Suara.com - Kementerian Ketenagakerjaan (Kemnaker) merespon rencana Kemenkes menetapkan kebijakan kemasan rokok polos tanpa merek dalam Rancangan Peraturan Menteri Kesehatan (RPMK) sebagai aturan turunan Peraturan Pemerintah Nomor 28 Tahun 2024. Aturan itu dinilai buruh tembakau akan berdampak pada pemutusan hubungan kerja (PHK).
Direktur Jenderal Pembinaan Hubungan Industrial dan Jaminan Sosial Ketenagakerjaan Kemnaker Indah Anggoro Putri mengatakan akan terus melakukan diskusi dengan berbagai Kementerian dan Lembaga terhadap aturan yang akan berdampak terhadap ketenagakerjaan, termasuk kebijakan kemasan rokok polos tanpa merek.
"Kita pasti akan kordinasi dengan lembaga terkait," ujarnya di Kantor Kemnaker yang dikutip Rabu (23/10/2024).
Lebih lanjut, Indah menyatakan bahwa pihaknya ikut memantau dari perkembangan regulasi inisiatif Menteri Kesehatan Budi Gunadi Sadikin tersebut.
Baca Juga: Perangi Pengangguran: Fokus Utama Menaker dan Wamenaker Baru Menuju Indonesia Emas 2045
Dia turut berjanji akan merancang program-program yang bisa melindungi para pekerja serta membuat program baru untuk mengatasi pengangguran di Indonesia.
"Kalo yang terkait Kemnaker kan concern-nya pada bagaimana kita upaya menanggulangi PHK dan mencegah PHK bertambah.
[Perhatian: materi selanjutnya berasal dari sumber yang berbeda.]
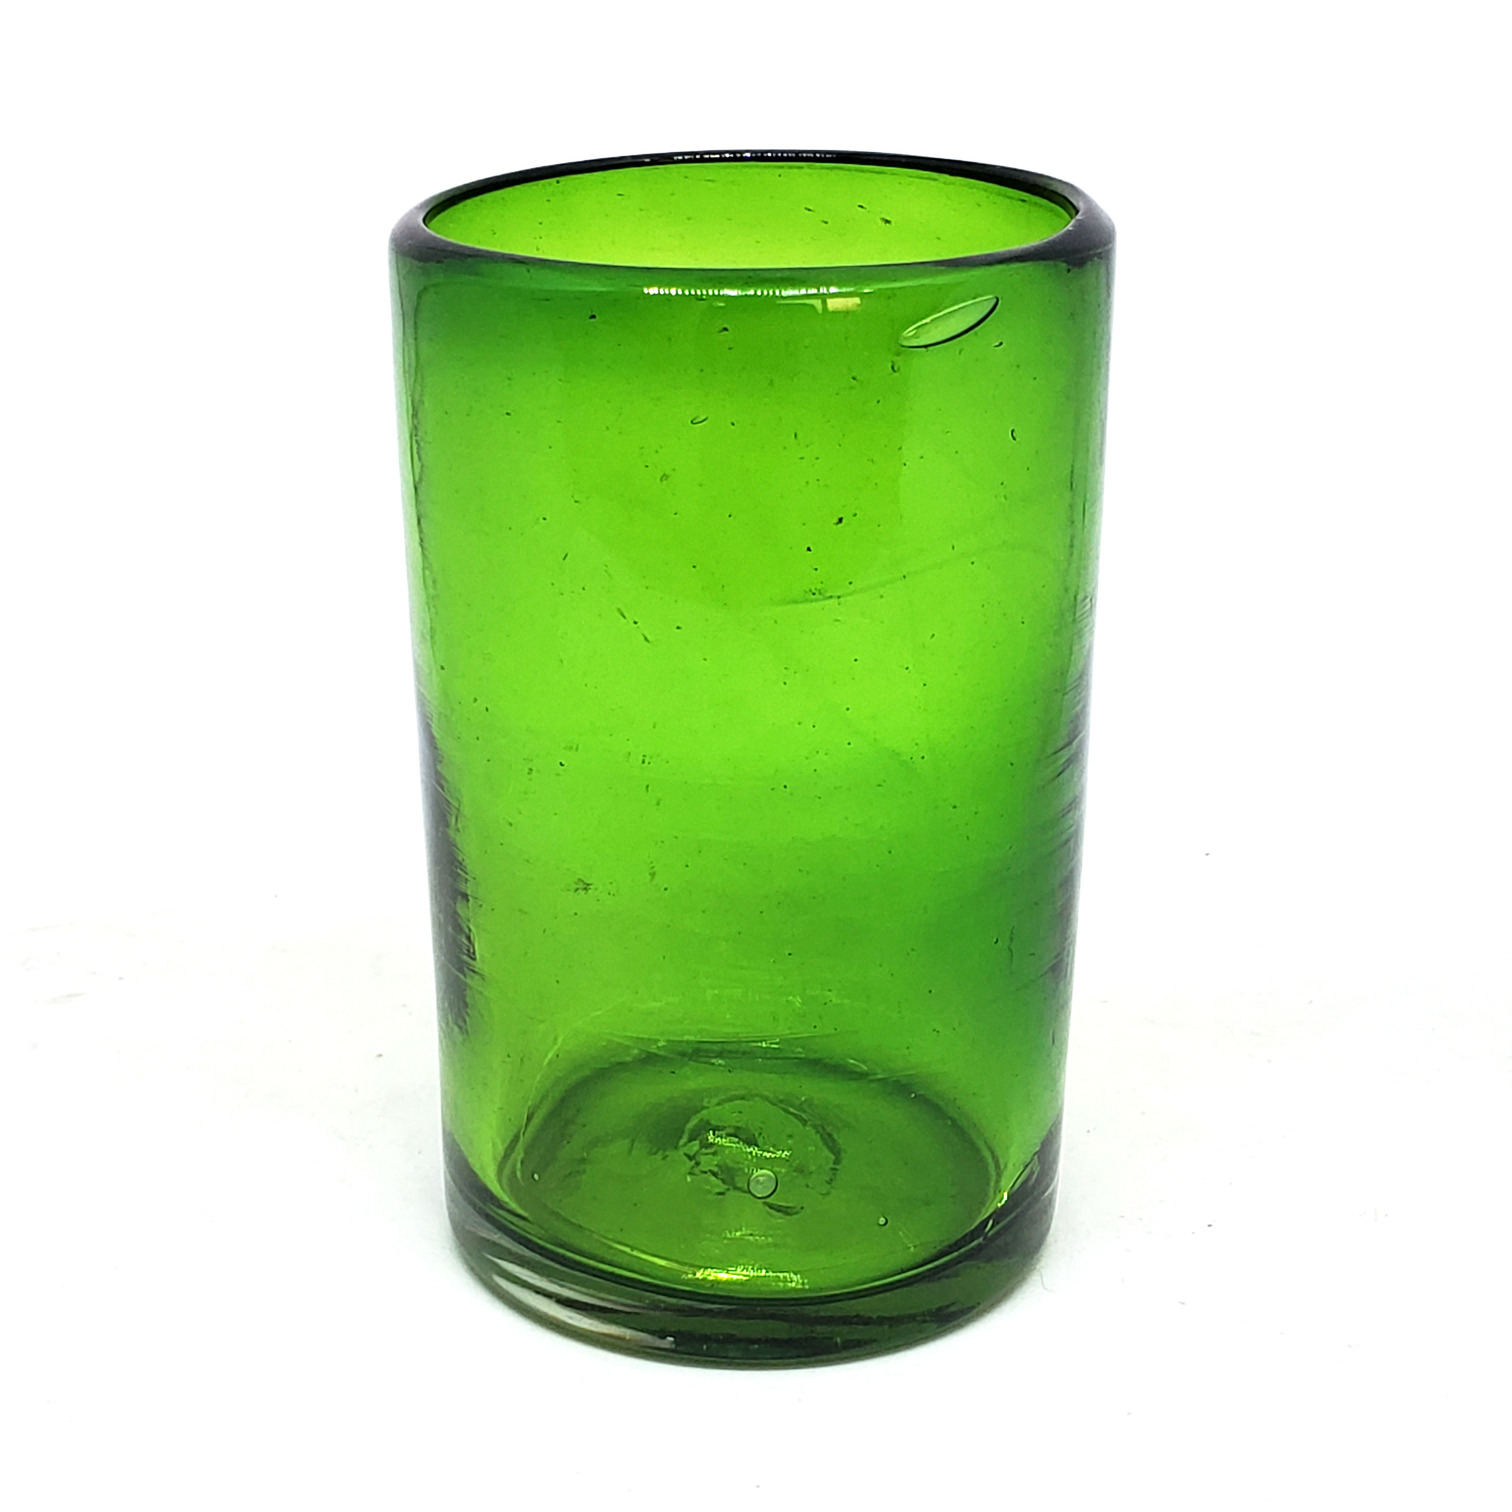 Ofertas / Juego de 6 vasos grandes color verde esmeralda / Éstos artesanales vasos le darán un toque clásico a su bebida favorita.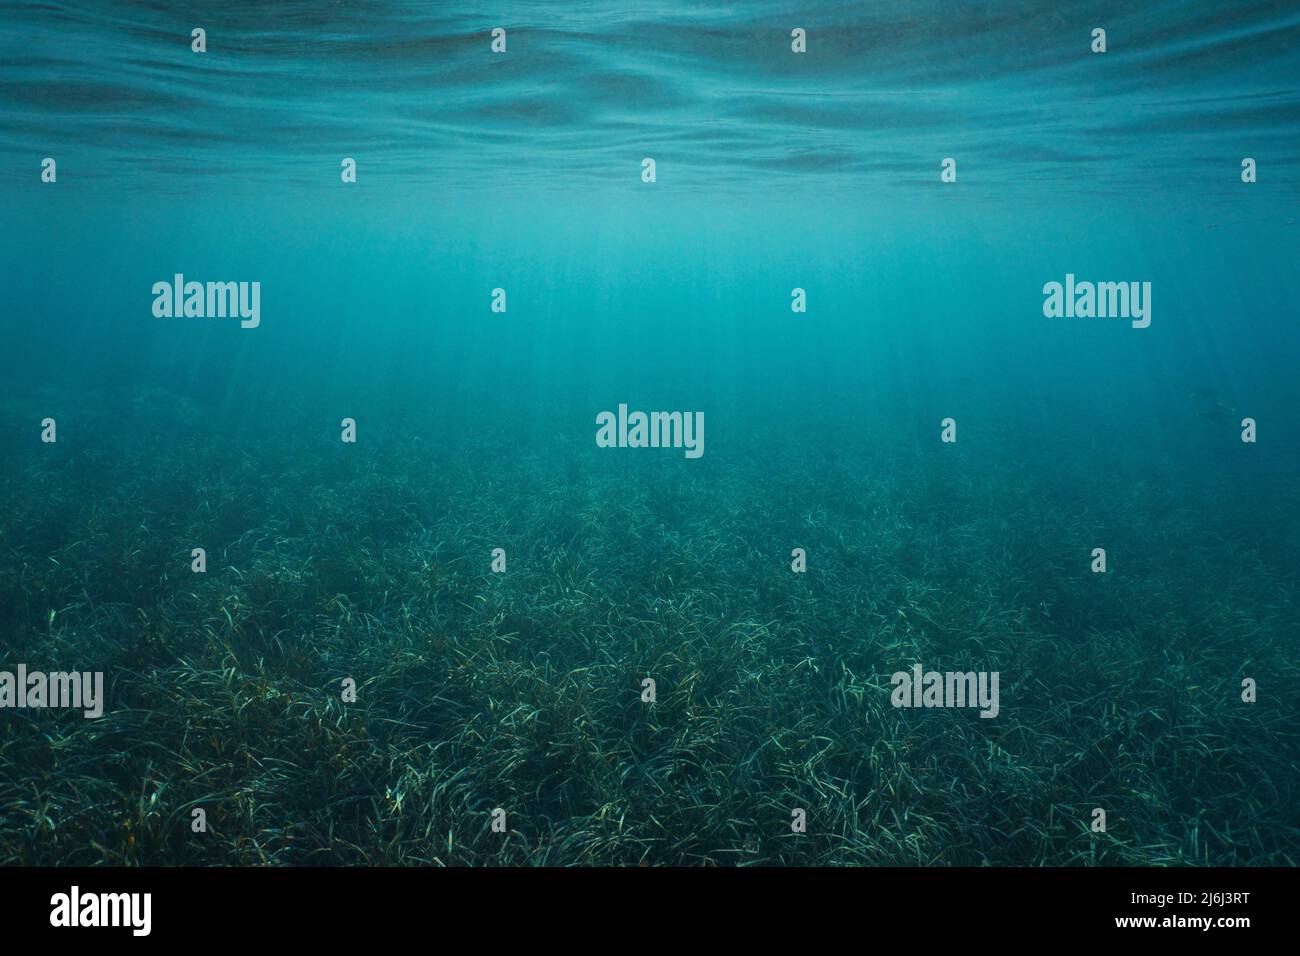 Fonds marins herbeux et surface de l'eau sous l'eau (Posidonia oceanica seagrass), scène naturelle, mer Méditerranée Banque D'Images

Dan pasti akan kita pikirkan terkait dengan PHK," jelas dia.
Sebelumnya, serikat buruh telah menyuarakan penolakannya terhadap Rancangan Permenkes yang memuat ketentuan kemasan rokok polos tanpa merek ini. Beberapa waktu lalu, anggota Federasi Serikat Pekerja Rokok Tembakau Makanan Minuman, Serikat Pekerja Seluruh Indonesia (FSP RTMM-SPSI) dari berbagai daerah menggelar aksi unjuk rasa di Kementerian Kesehatan untuk menolak Rancangan Permenkes dan meminta Kemenkes mencabut pasal-pasal bermasalah dalam PP 28/2024.
Ketua Umum FSP RTMM-SPSI Sudarto AS menilai Rancangan Permenkes produk tembakau ini akan banyak menimbulkan permasalahan di Indonesia, seperti PHK akibat maraknya rokok ilegal. Sudarto mengatakan, jika peredaran rokok ilegal semakin parah akibat aturan ini, ujungnya akan berdampak terhadap efisiensi di industri rokok legal. Selain itu, penerimaan pajak negara dari industri hasil tembakau akan berkurang.
"Kemasan rokok polos akan tambah memicu rokok ilegal. Rokok ilegal tumbuh, dapat dipastikan akan terjadi efisiensi pekerja," ucapnya.
Baca Juga: Ancaman PHK Massal, Kebijakan Kemasan Rokok Polos Picu Kegaduhan
Sudarto menyampaikan, pihaknya akan terus melakukan penolakan terhadap kebijakan yang memberatkan industri hasil tembakau dan akan berdampak terhadap pekerja rokok. Terlebih selama ini, pihaknya sama sekali tidak dilibatkan dalam perumusan kebijakan tersebut. Hal ini dinilainya tidak adil kepada para pekerja di industri hasil tembakau.
"Surat sudah kami kirim kepada presiden, audiensi (dengan Kemenkes) sudah ada tetapi cenderung dipersulit dan tidak didengar, kami undang dalam forum resmi untuk dialog, tapi Kemenkes tidak datang dan justru mereka mengadakan public hearing, sedangkan kami tidak diundang," tutur Sudarto.
Bahkan, ia berjanji akan kembali melakukan unjuk rasa lanjutan jika masukan buruh tidak kunjung diakomodir. "Kalau pekerja terus dikorbankan dan tidak dicarikan solusi, kami datang lagi dengan massa yang lebih besar," pungkasnya.